Maciej Lepiato po raz szósty kończy swój występ na mistrzostwach świata na podium. Skokiem na wysokość 2.01 wywalczył brąz. Jego dobra passa trwa, chociaż kolor medalu nie zadowolił polskiego skoczka.
– Wiadomo, że oczekiwania wobec swojego startu miałem zupełnie inne i na pewno trzecie miejsce mnie nie satysfakcjonuje, a wynik to już w ogóle poniżej normy– mówił po zakończonym konkursie skoku wzwyż trzykrotny medalista paralimpijski i pięciokrotny mistrz świata.
Dwa tygodnie przed zawodami osiągał bez problemu wynik 2.06. W Kobe do zwycięstwa wystarczało 2.04. Tyle właśnie skoczył Jonathan Broom Edwards, zwycięzca tej konkurencji.
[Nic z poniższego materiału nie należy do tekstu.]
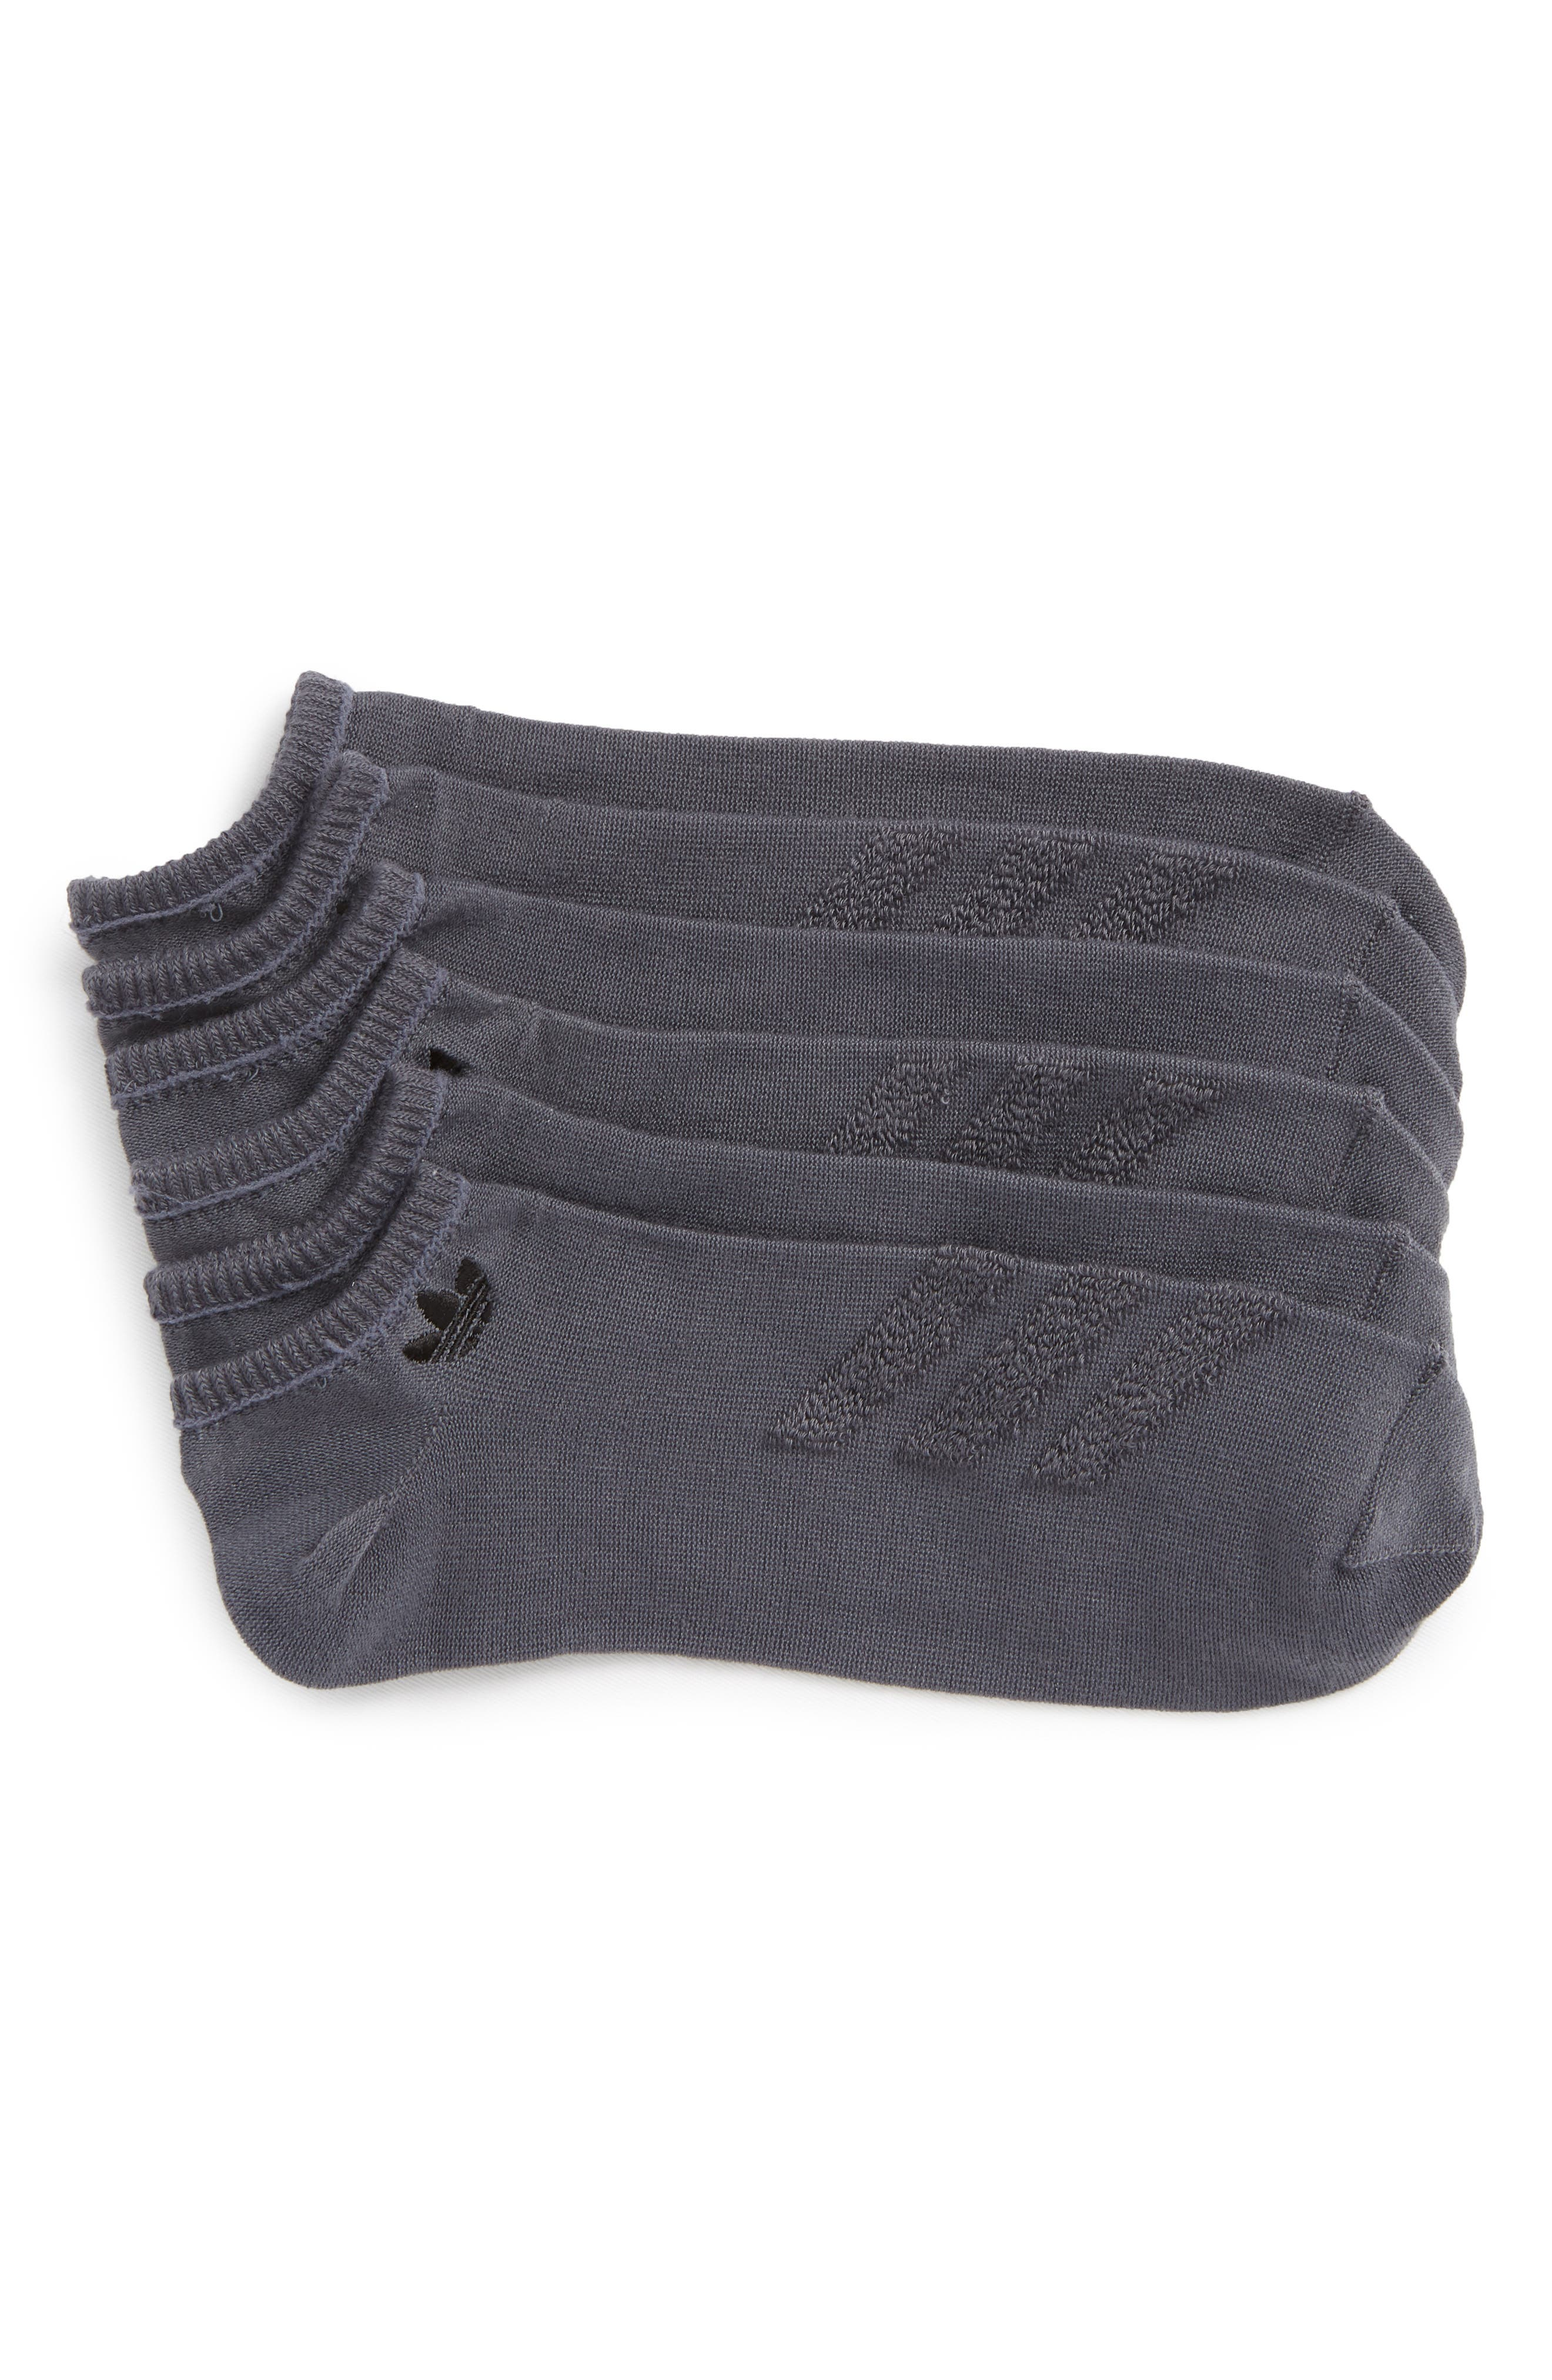 3-Pack Ankle Socks,                         Main,                         color, Dark Grey
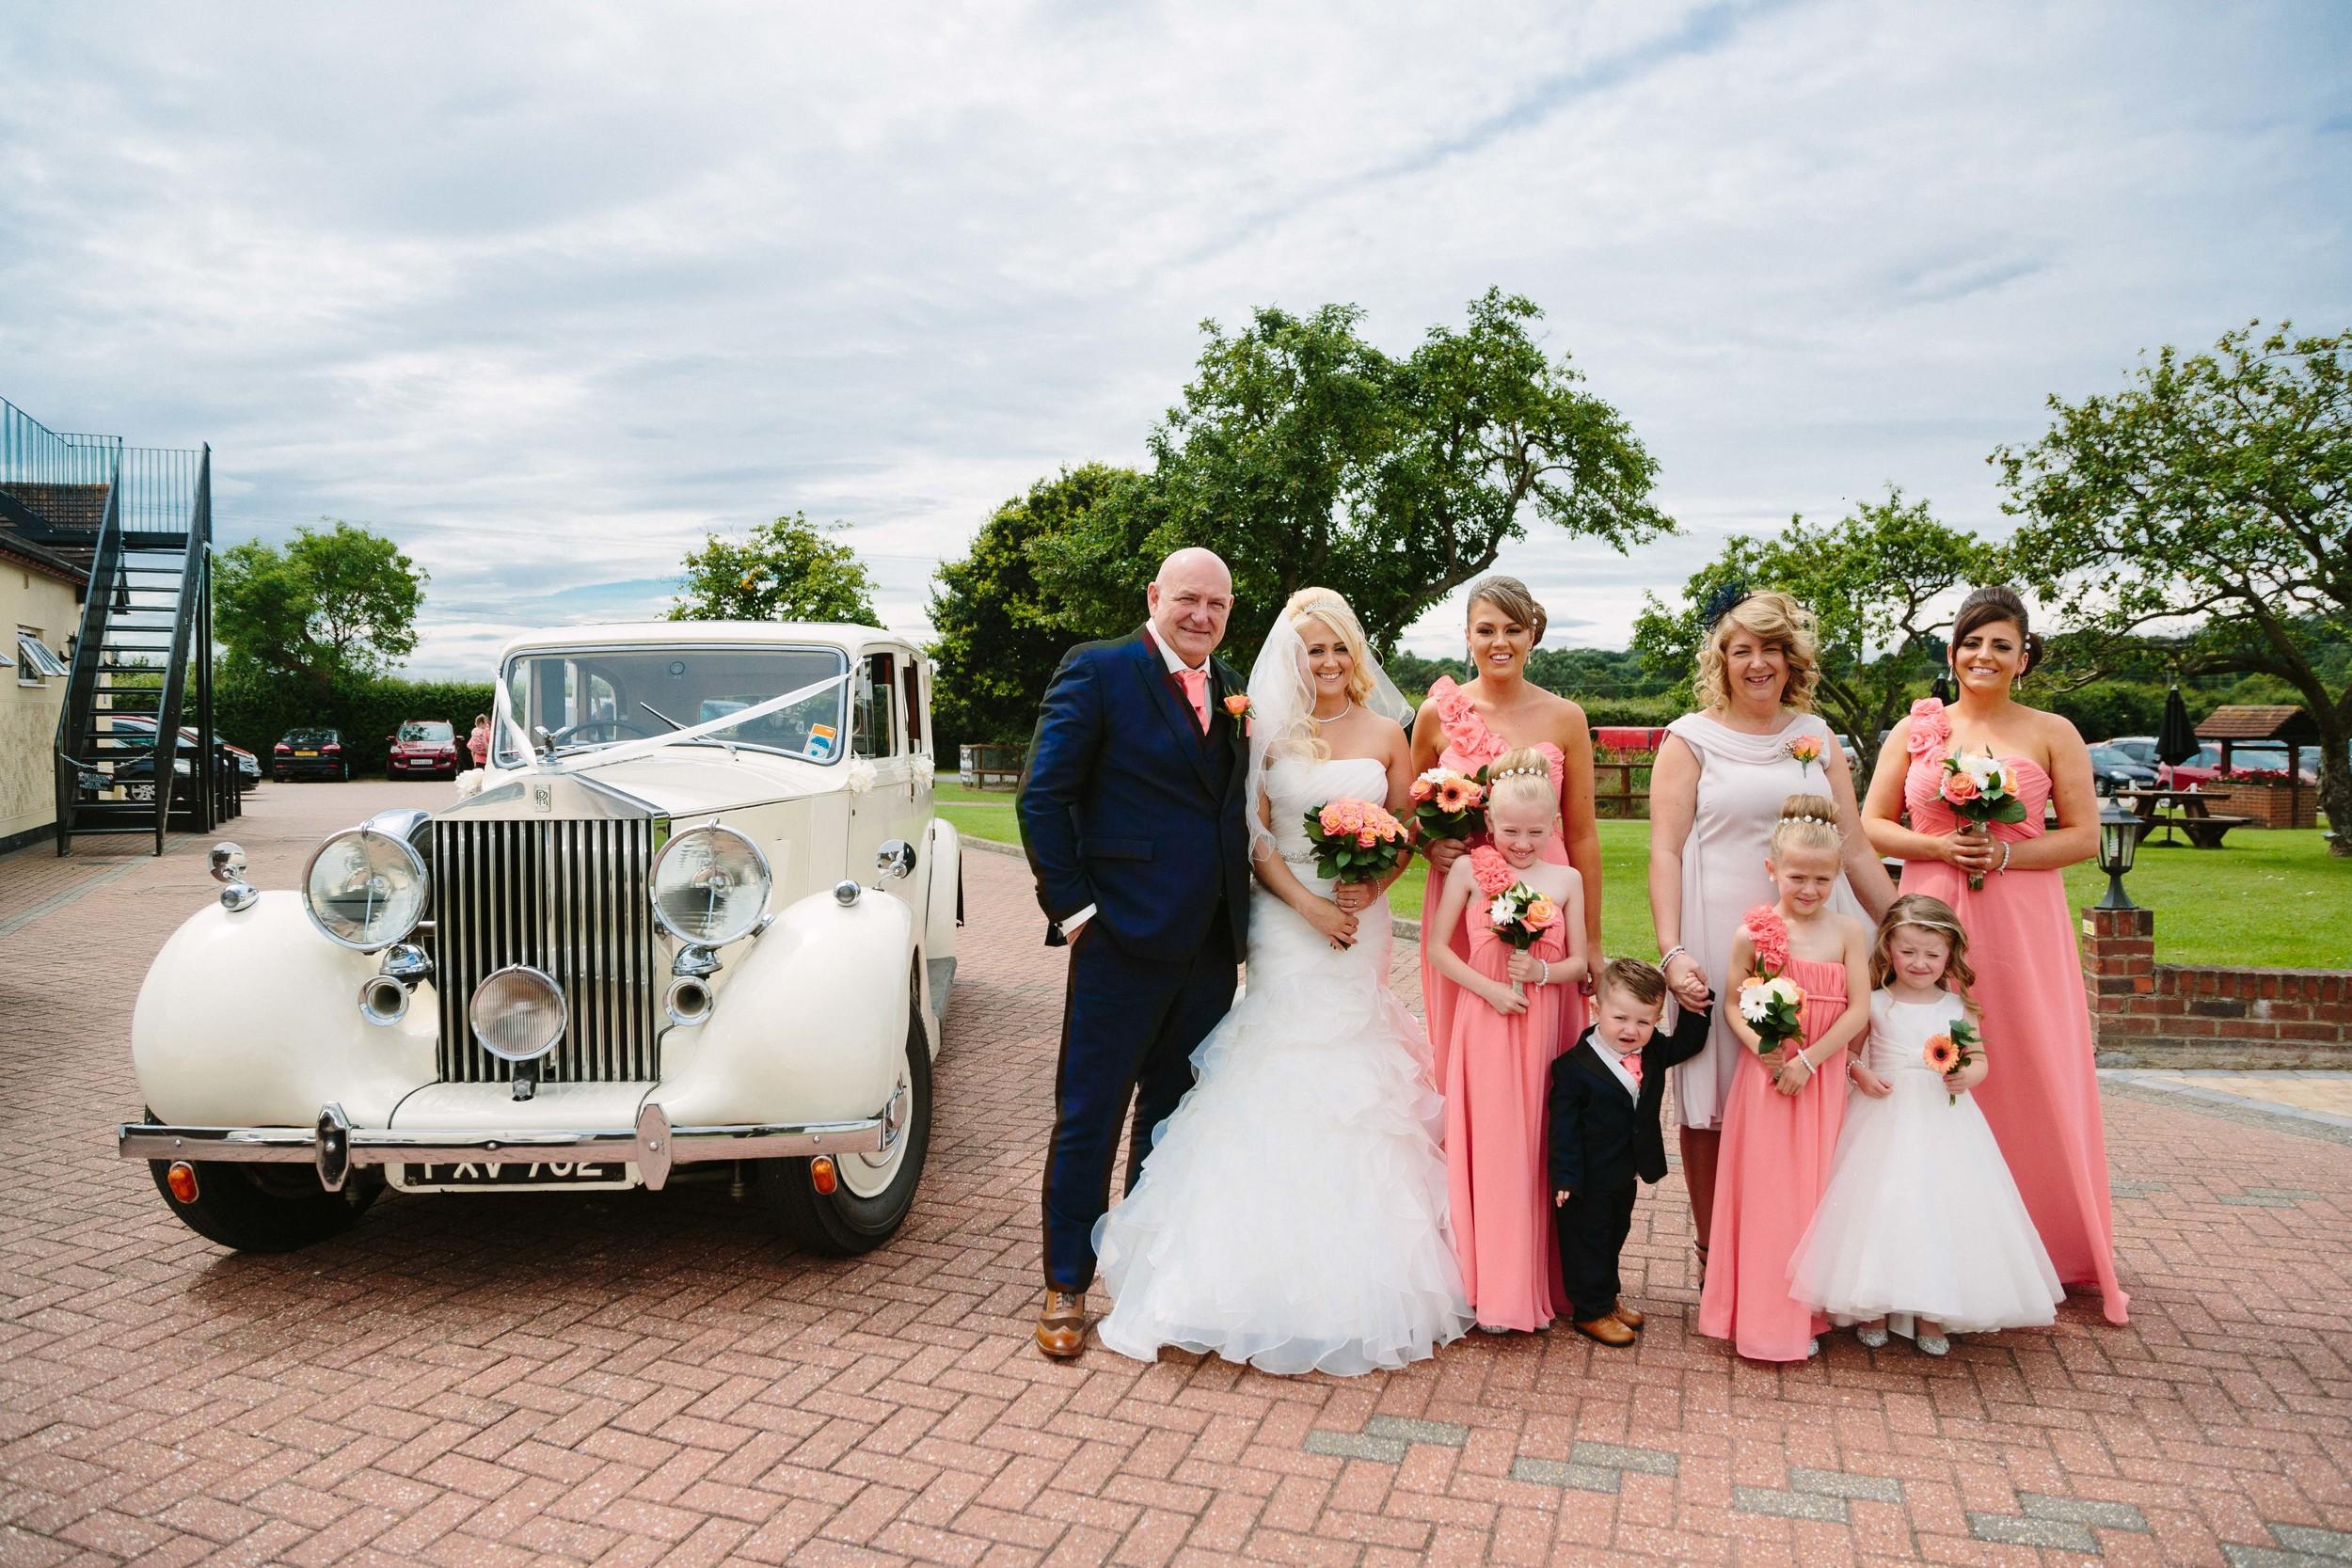 Essex-countryside-wedding-summer-bridesmaids

– W tym sezonie szykuję się na znacznie lepsze wyniki. Myślę o 2.10, ale jest też dobra strona dzisiejszego startu. Jestem po sportowemu wkurzony i jeszcze bardziej zmotywowany przed Paryżem- zadeklarował Maciej Lepiato.
Jego medal to już trzeci krążek dla polskiej ekipy, a upalny dzień w Kobe przyniósł również kwalifikacje do finału naszym sprinterom. Już w porannej sesji miejscem w finale cieszył się Krzysztof Ciuksza.
– Lubię taką pogodę i wszystko mi się podoba– powiedział Krzysztof Ciuksza, który bieg na 100 m ukończył na trzecim miejscu. Jego celem jest przede wszystkim zrobienie minimum na paralimpiadę, ale i medal jest na liście jego celów w Japonii.
Do finału weszły również sprinterki kategorii T 35. Zarówno Ingrid Renecka, jak i Jagoda Kibil ukończyły swoje biegi kwalifikacyjne na trzecim miejscu.
– Na metę dotarłam z czasem poniżej 33 sekund. Zaraz po Chince i Irance, z którymi będę rywalizować w finale– powiedziała Ingrid Renecka, która eliminacje pokonała z zapasem sił na jutrzejszy start.